融合体は、本発明の組成物の該ポリペプチドのうちの少なくとも1つに望ましい特徴を付与する更なる部分を含み得、例えば、この部分は、ポリペプチドのうちの少なくとも1つの検出若しくは単離、又はポリペプチドのうちの少なくとも1つの細胞取り込みを促進するのに有用であり得る。この部分は、当業者に周知のように、例えば、ビオチン部分、ストレプトアビジン部分、放射性部分、蛍光部分、例えば、小蛍光団又は緑色蛍光タンパク質(GFP)蛍光団であり得る。この部分は、当業者に既知のように、免疫原性タグ、例えば、Mycタグであり得るか、又は当業者に既知のように、ポリペプチドの細胞取り込みを促進することができる親油性分子又はポリペプチドドメインであり得る。
当業者は、組成物のポリペプチドのうちの少なくとも1つが、例えば、PEG化、アミド化、エステル化、アシル化、アセチル化及び/又はアルキル化によって修飾又は誘導体化される1つ以上のアミノ酸を含み得ることを理解するであろう。この部分は、以下からなる群から選択されるタグであってもよい:FLAGタグ、Hisタグ、GSTタグ、MBPタグ、Trxタグ、NusAタグ、SUMOタグ、SETタグ、DsbCタグ、Skpタグ、T7PKタグ、GB1タグ、ZZタグ、Streptag II、HAタグ、Softag 1、Softag 3、T7タグ、Sタグ、及びmCherryタグ。
当該技術分野で理解されるように、PEG化タンパク質は、腎クリアランス及びタンパク質分解の低下、毒性の低減、免疫原性の低減及び溶解性の増加を示し得る[Veronese,F.M.and J.M.Harris,Adv Drug Deliv Rev,2002.54(4):p.453-6.,Chapman,A.P.,Adv Drug Deliv Rev,2002.54(4):p.531-45](参照により本明細書に組み込まれる)。PEG化は、第1のPEG化分子アスパラギナーゼ及びアデノシンデアミナーゼを含むいくつかのタンパク質ベースの薬物に用いられている[Veronese,F.M.and J.M.Harris,Adv Drug Deliv Rev,2002.54(4):p.453-6.,Veronese,F.M.and G.Pasut,Drug Discov Today,2005.10(21):p.1451-8](参照により本明細書に組み込まれる)。

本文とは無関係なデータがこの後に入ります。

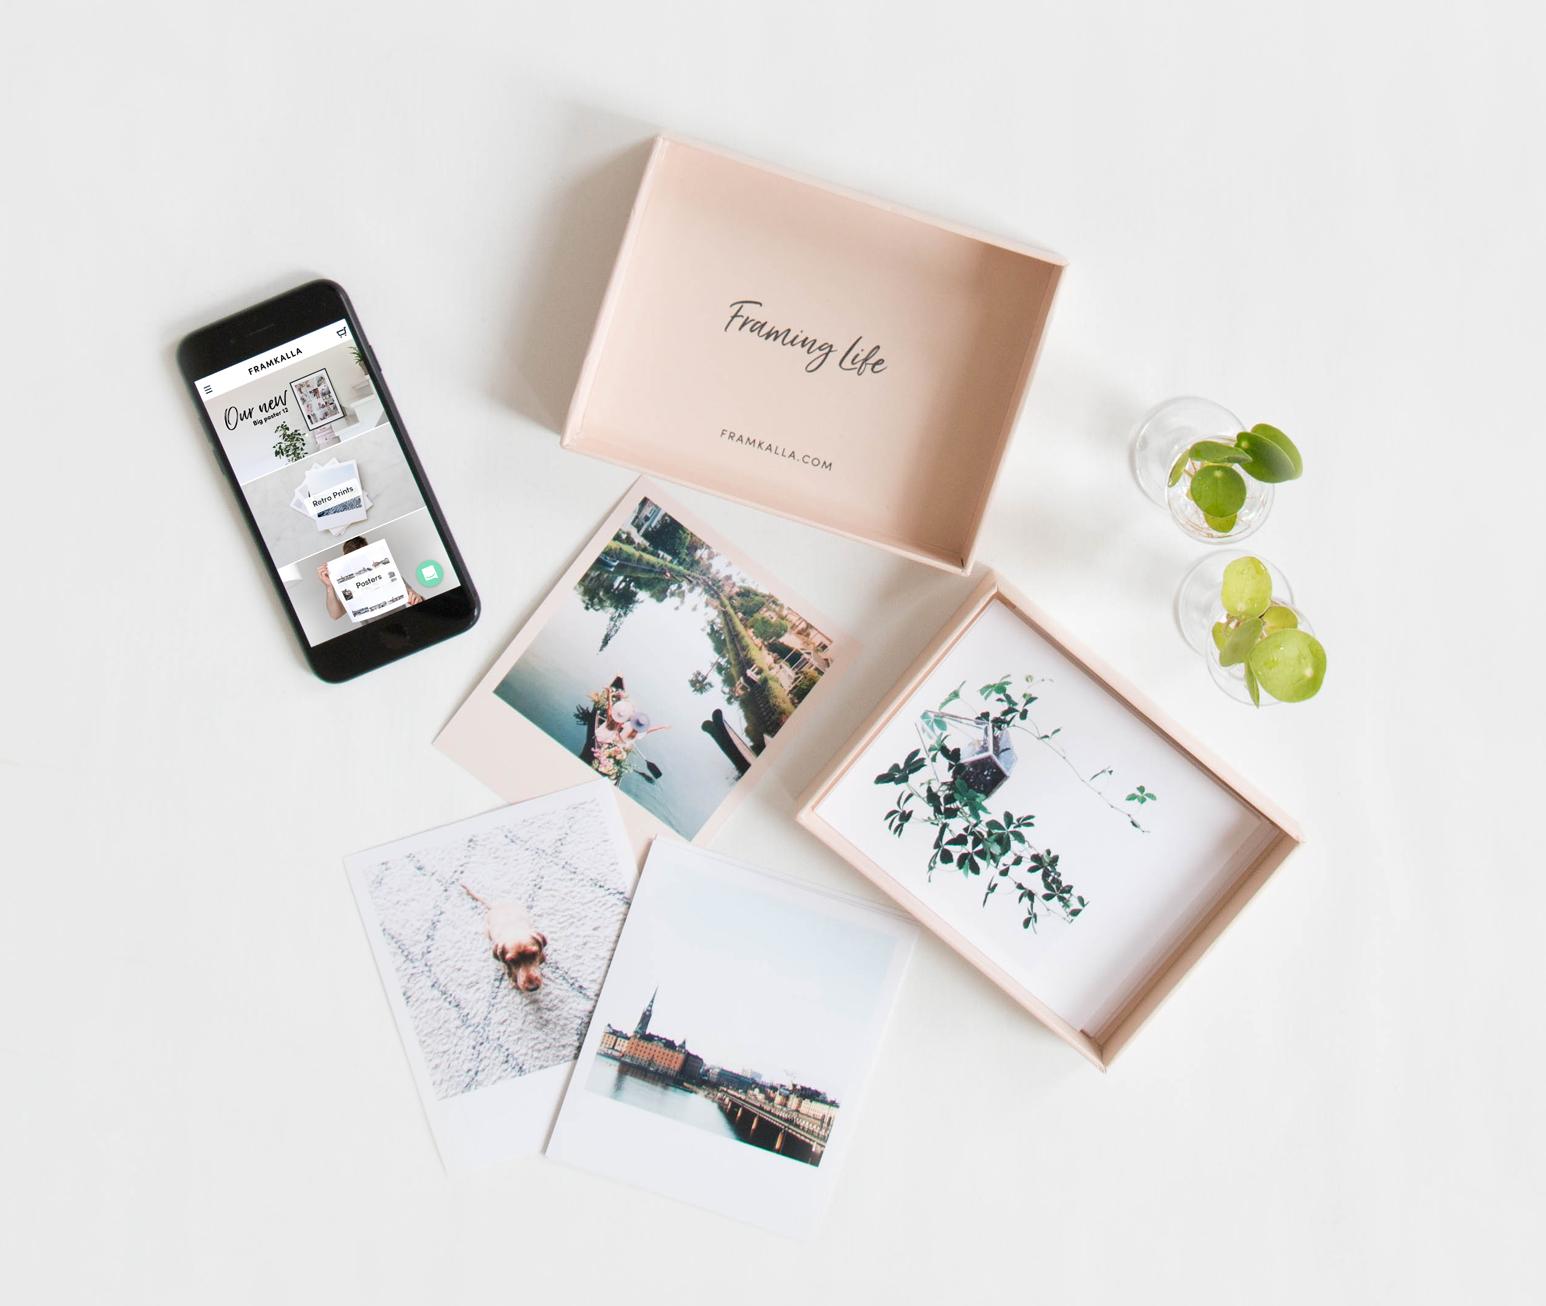 retro_prints_framkalla_App_appstore

最大限に増加した半減期及び保持された生物学的活性を有する成功したPEG化タンパク質を得るためには、結果に影響を与える可能性のあるいくつかのパラメータが重要であり、考慮されるべきである。PEG分子は異なる場合があり、タンパク質のPEG化に使用されてきたPEGバリアントには、PEG及びモノメトキシ-PEGが含まれる。加えて、それらは、直鎖状又は分枝状のいずれかであり得る[Wang,Y.S.,et al.,Adv Drug Deliv Rev,2002.54(4):p.547-70](参照により本明細書に組み込まれる)。使用されるPEG分子のサイズは変化し得、1~40kDaのサイズ範囲のPEG部分は、タンパク質に連結されている[Wang,Y.S.,et al.,Adv Drug Deliv Rev,2002.54(4):p.547-70.,Sato,H.,Adv Drug Deliv Rev,2002.54(4):p.487-504、Bowen,S.,et al.,Exp Hematol,1999.27(3):p.425-32、Chapman,A.P.,et al.,Nat Biotechnol,1999.17(8):p.780-3](参照により本明細書に組み込まれる)。加えて、タンパク質に付着したPEG部分の数は変化し得、タンパク質に付着している1~6個のPEG単位の例が報告されている[Wang,Y.S.,et al.,Adv Drug Deliv Rev,2002.54(4):p.547-70.、Bowen,S.,et al.,Exp Hematol,1999.27(3):p.425-32](参照により本明細書に組み込まれる)。更に、コンジュゲーションのためのPEGと様々な反応性基との間のリンカーの存在又は非存在が利用されてきた。したがって、PEGは、N末端アミノ基、又は反応性アミノ若しくはヒドロキシル基(Lys、His、Ser、Thr及びTyr)を有するアミノ酸残基に直接、又はγアミノ酪酸をリンカーとして使用することによって連結され得る。加えて、PEGは、カルボキシル(Asp、Glu、C末端)又はスルフヒドリル(Cys)基にカップリングされ得る。最後に、Gln残基は、酵素トランスグルタミナーゼを使用して特異的にPEG化されてもよく、PEGのアルキルアミン誘導体が記載されている[Sato,H.,Adv Drug Deliv Rev,2002.54(4):p.487-504](参照により本明細書に組み込まれる)。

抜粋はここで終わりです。